Your own business may only have one or two of these, or might have more.  What matters is that you can identify appropriate customer touch-points in your own business.

If your organisation has a Customer Relationship System (CRM) that you use to log customer interactions with the call centre, it should provide a rich source of information about when and why customers call you, particularly if your agents are required to log every interaction and not just those that require some system change to be made.

Let’s pick one of these touch-points: Provide.  It should be possible to analyse the CRM data to work out how many customers contact the centre on the day of Provide (day 0), the day after (day 1), and so on.  You can then build up a profile of when customers call you in relation to the day of Provide; you’ll usually find some spikes in the profile relating to particular customer activity, and also that at some point there ceases to be any discernable difference between one day and another (it might be after day 3, day 7, day 20 – it really depends on your business and your processes).  In many businesses there is a very noticeable propensity for customers to call within the first few days, which means that the overall call volumes will be fairly sensitive to the number of new customers your business acquires.  That means that if your sales figures fluctuate quite a lot then you could well see that mirrored in your call volumes.  Analysing your data in this way means that you can more rigorously build your forecasts around planned fluctuations in sales demand.

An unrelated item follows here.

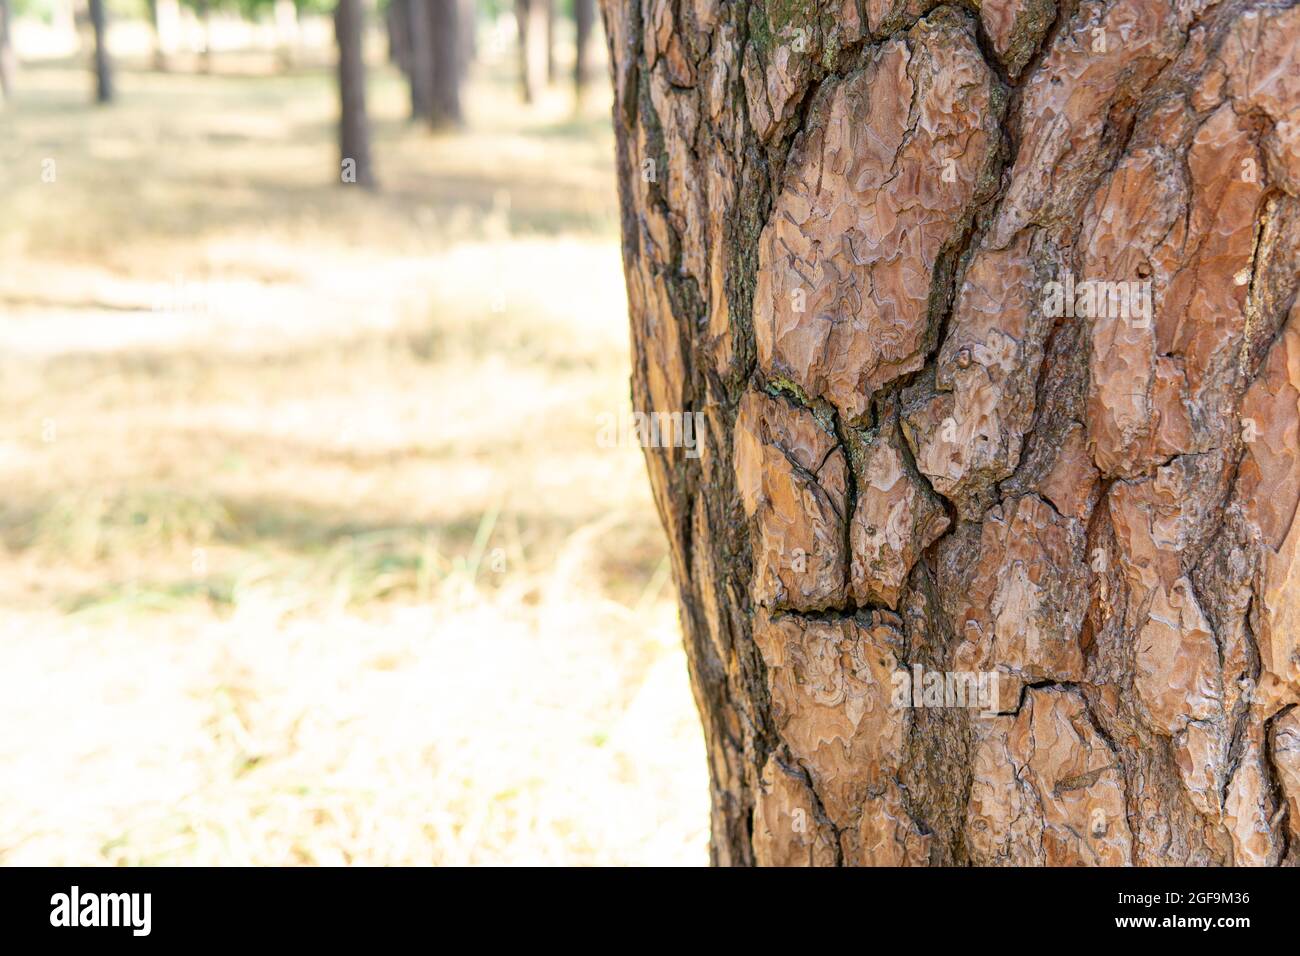 Schnittansicht eines Baumstamms mit einem Rindenmuster, das einem menschlichen Gesicht ähnelt Stockfoto
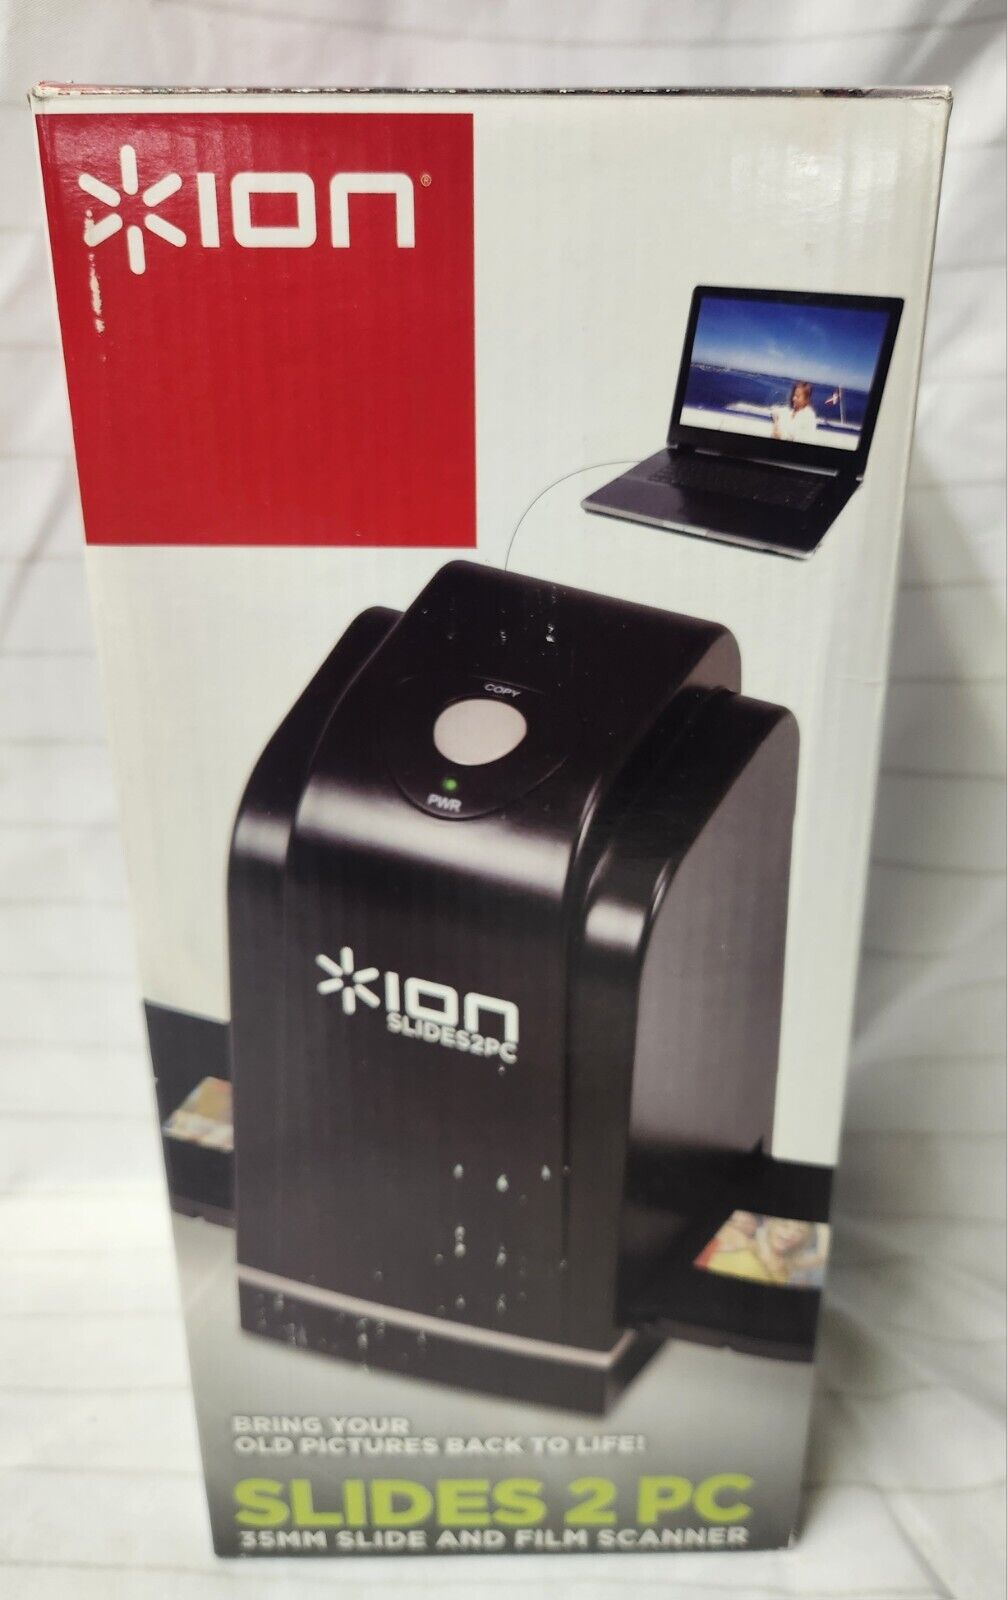 Ion Slides 2 PC 35mm Slide And Film Scanner

This process can be repeated for other customer touch-points.  For example, consider the behaviour of a customer who receives a bill and then calls you up.  It should be possible to see what those customers are doing by looking at the records in the CRM system.  Some customers will be wondering where their bill is, so in this case it’s necessary to look at the calling profile from, say, 5 days before they should receive their bill to around 5 days after.  So, if you know what your billing profile is in terms of the days or weeks of the month you should be able to predict specifically the calls likely to come in in response those bills, and when they are likely to come in.

Other customer touch-points like Change are harder to predict because your organisation may be less in control of the decision that led to the customer’s call being made.  A customer can phone you at any time to change their product, address, or bank details or other parameter in their relationship with you.  Being less in control means that it is harder to be so scientific in building a prediction system when compared with things like Provide and Bill above.  In many cases the modelling for certain contact touch-points can’t really get much beyond the basic system we looked at earlier.